## PROVIDED DATA
========================================================================
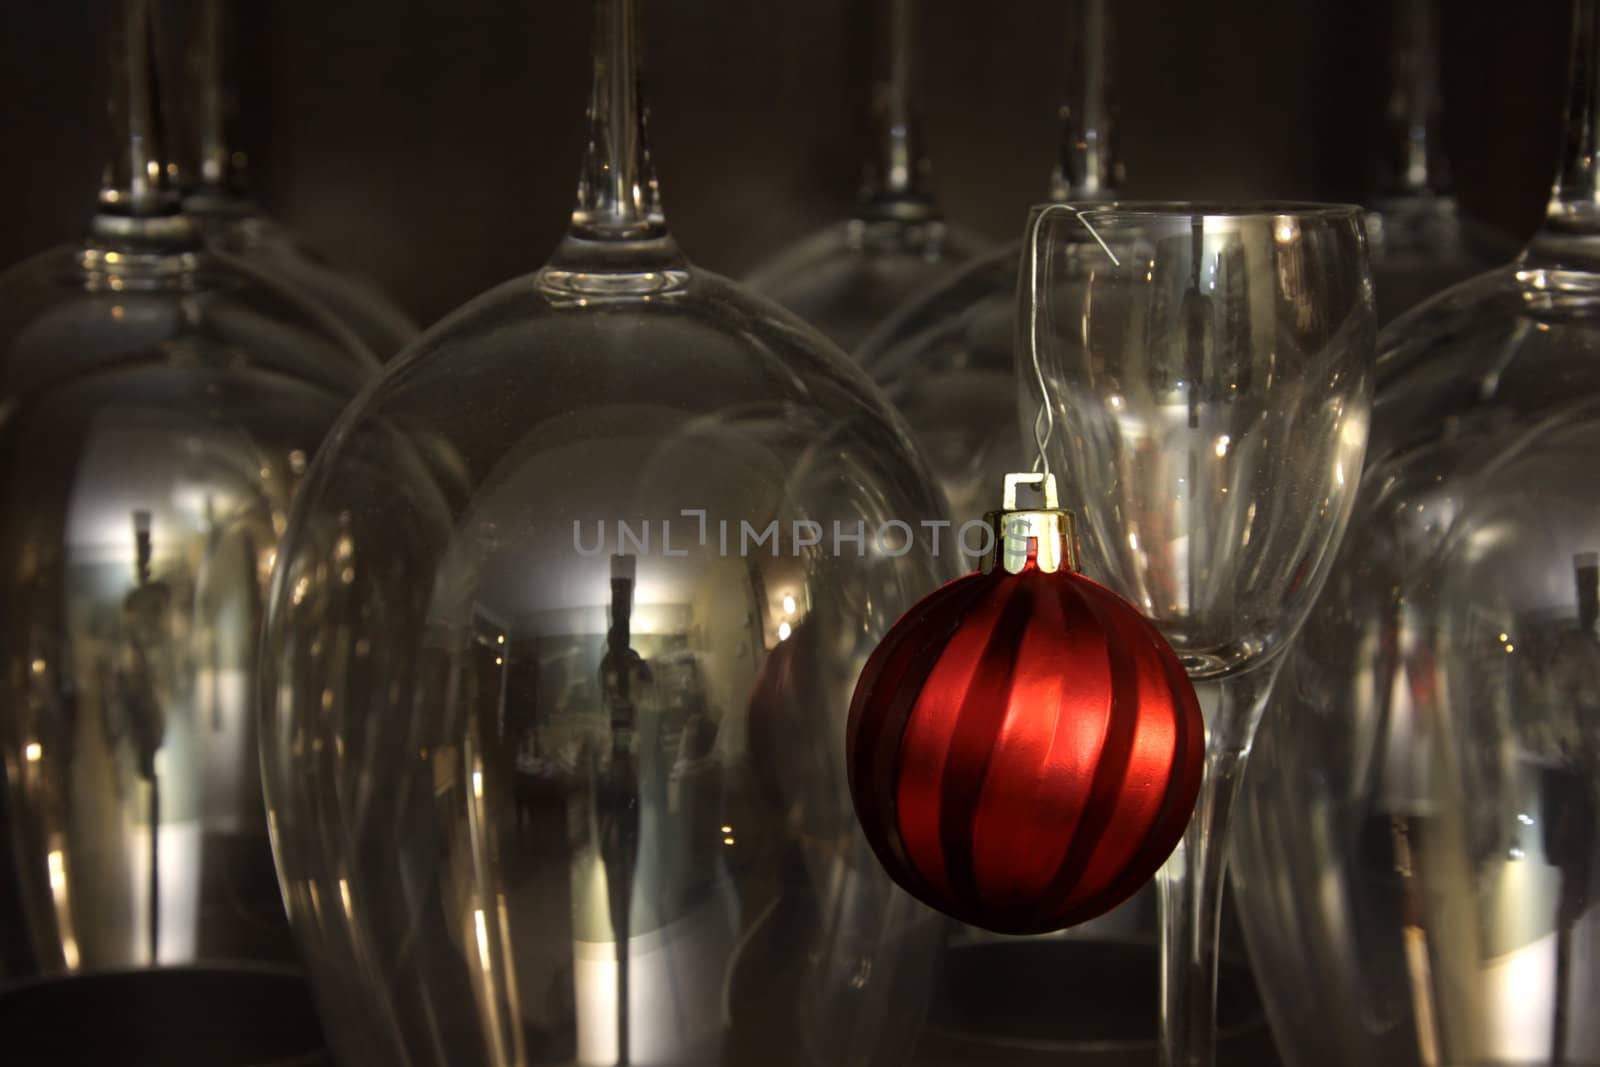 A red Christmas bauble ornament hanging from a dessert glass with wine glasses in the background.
========================================================================
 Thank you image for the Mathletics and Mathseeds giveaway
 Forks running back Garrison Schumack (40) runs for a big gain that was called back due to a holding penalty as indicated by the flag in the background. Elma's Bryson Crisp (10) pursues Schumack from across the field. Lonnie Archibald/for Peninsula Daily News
========================================================================
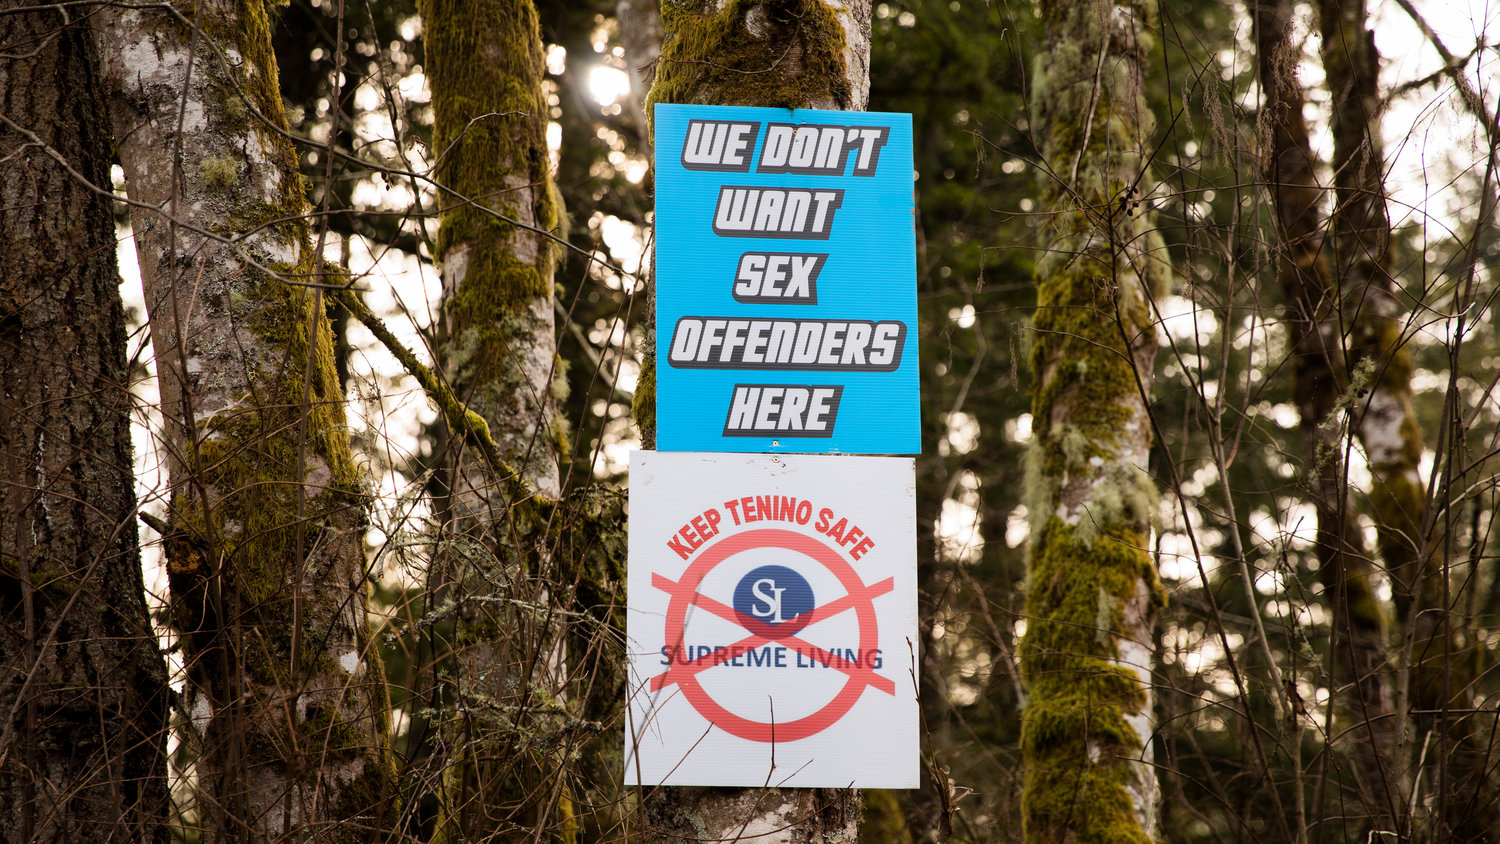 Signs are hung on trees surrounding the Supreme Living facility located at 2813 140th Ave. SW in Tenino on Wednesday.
========================================================================
Beginning with the line containing "Thank you image" in the material above, copy every line exactly until you have copied the line containing "Forks running back".

 Thank you image for the Mathletics and Mathseeds giveaway
 Forks running back Garrison Schumack (40) runs for a big gain that was called back due to a holding penalty as indicated by the flag in the background. Elma's Bryson Crisp (10) pursues Schumack from across the field. Lonnie Archibald/for Peninsula Daily News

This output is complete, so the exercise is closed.